Data for processing
□ □ □

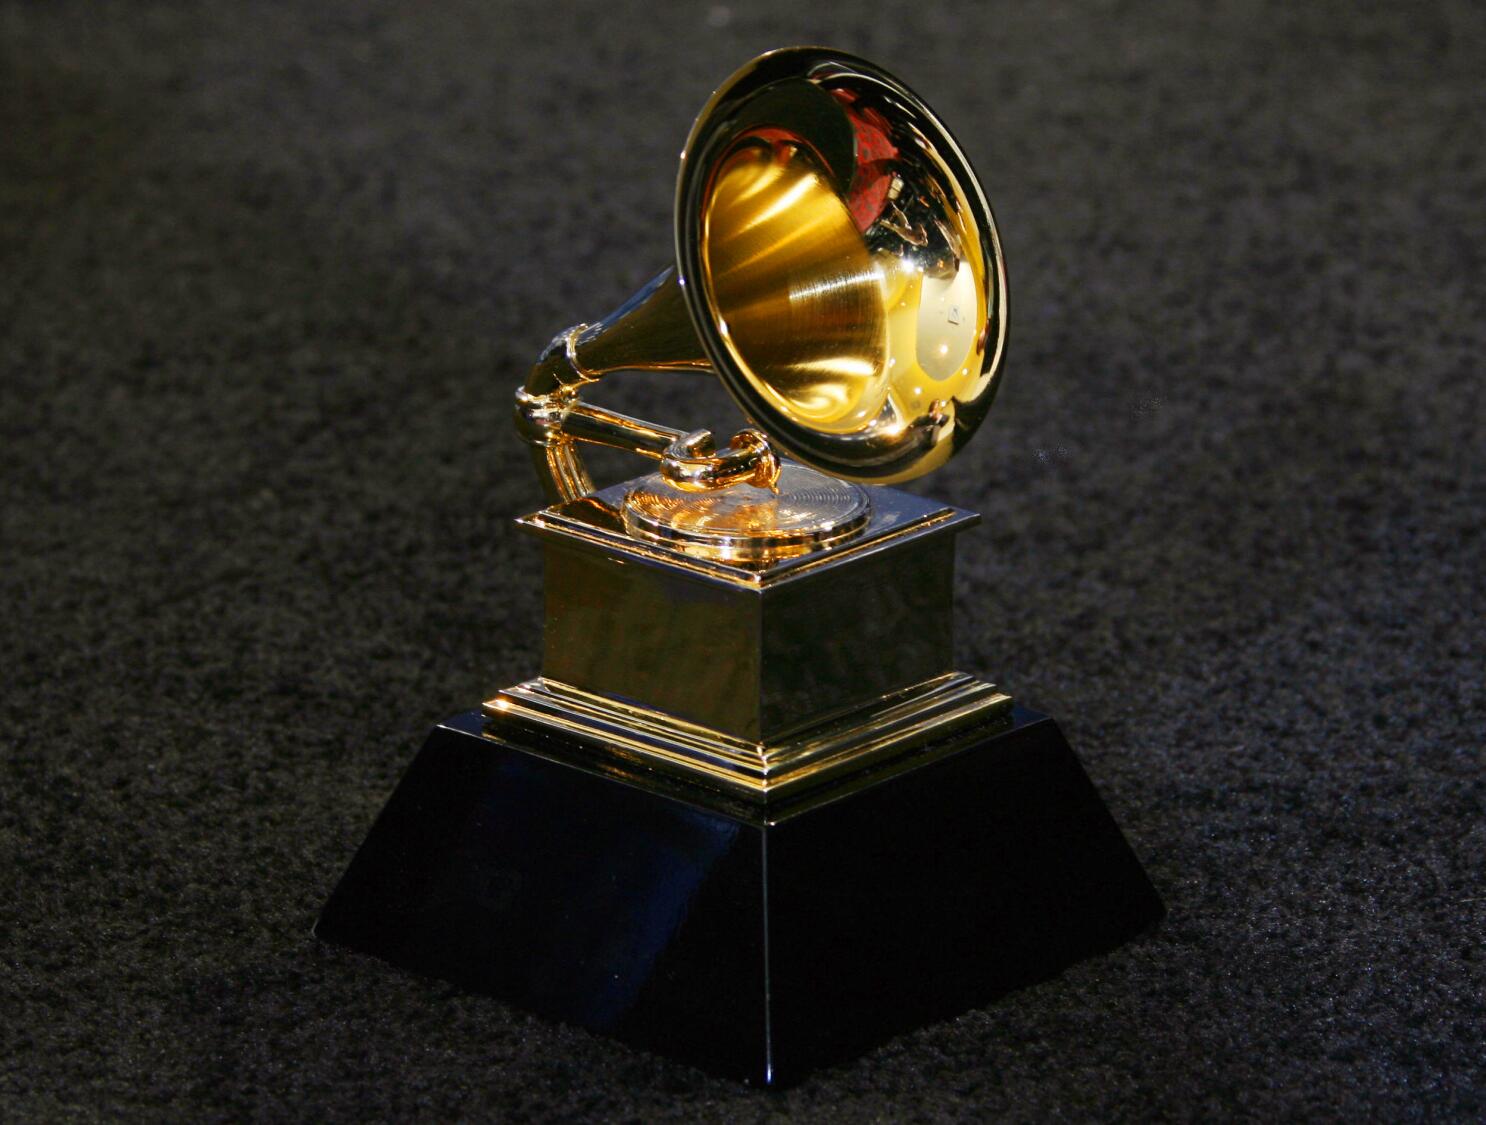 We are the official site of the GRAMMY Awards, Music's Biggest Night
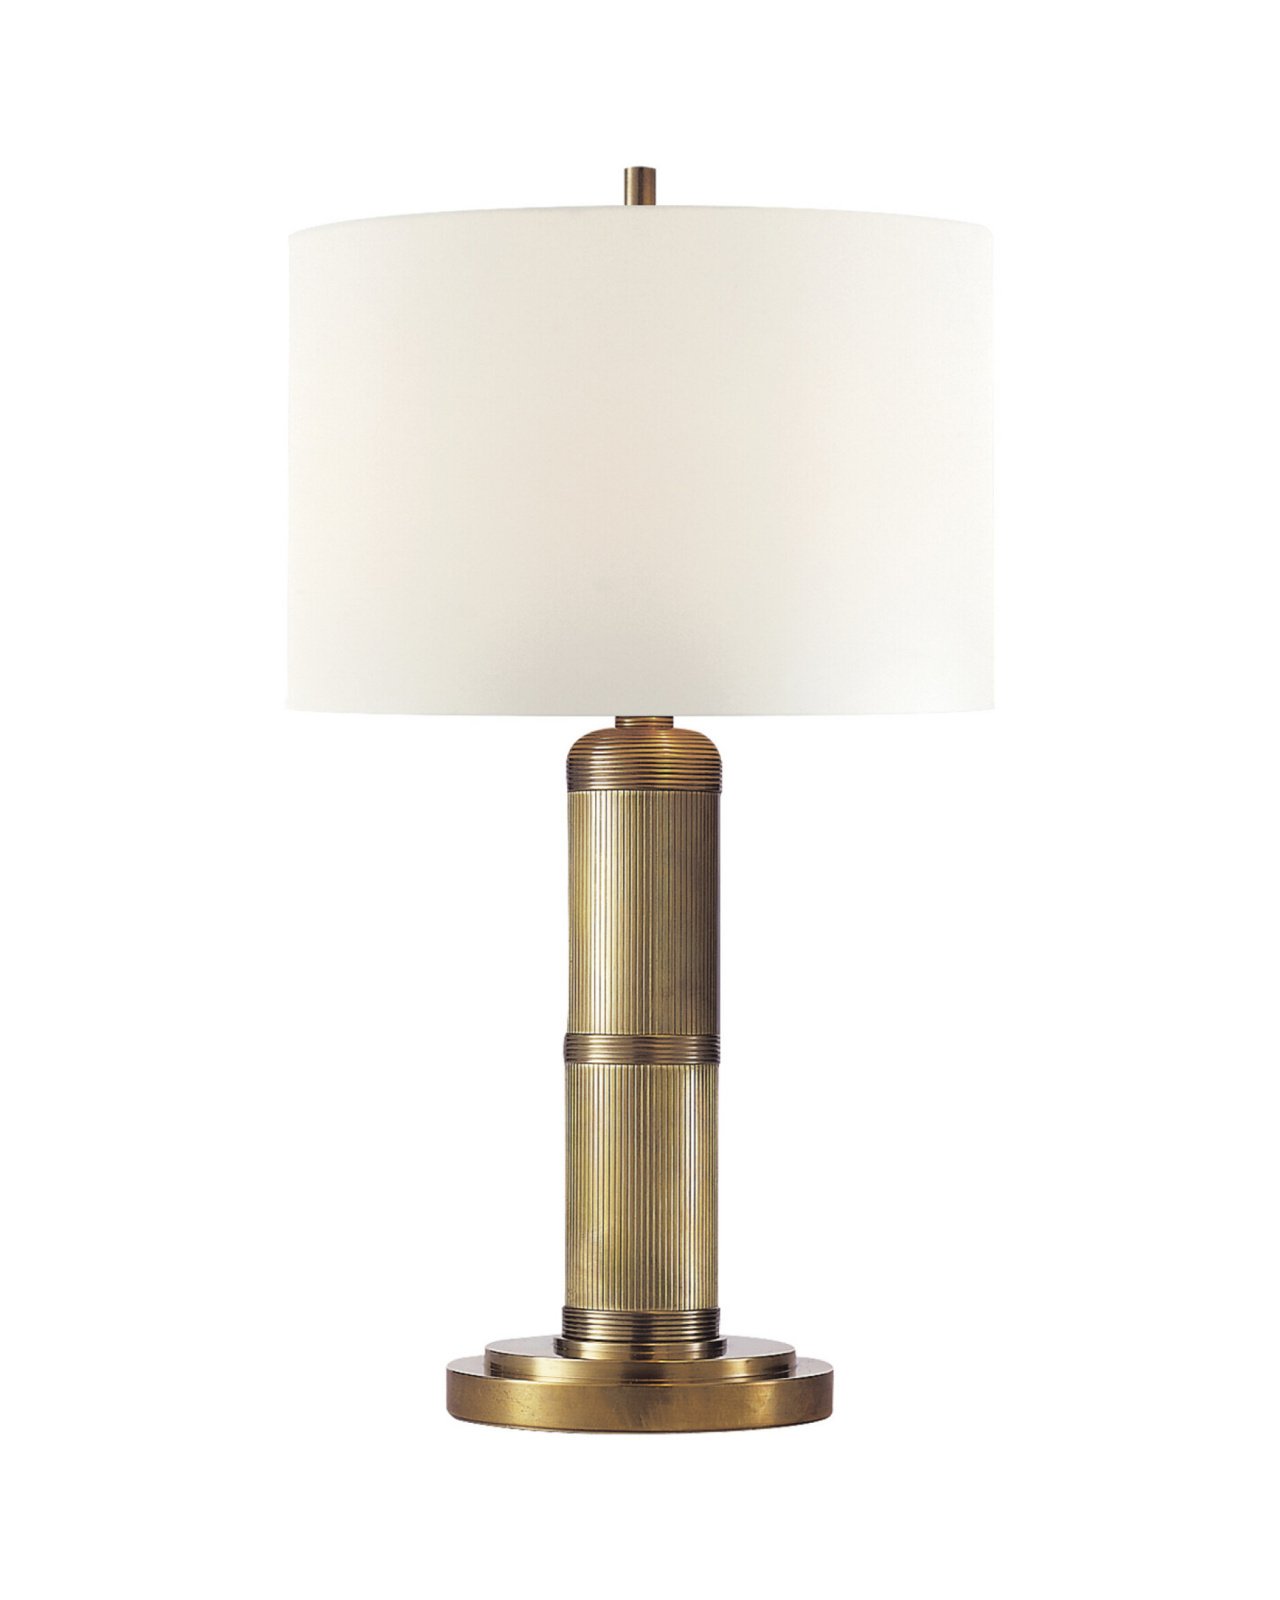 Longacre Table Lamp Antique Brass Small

□ □ □

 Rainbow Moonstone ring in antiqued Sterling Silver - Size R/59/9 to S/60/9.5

□ □ □

What you will do
Leaving each picture behind, please give again exactly the lines above from the one with "We are the official" through the one with "Longacre Table Lamp Antique Brass Small", both included, and no others.

Result of the exercise
 We are the official site of the GRAMMY Awards, Music's Biggest Night
 Longacre Table Lamp Antique Brass Small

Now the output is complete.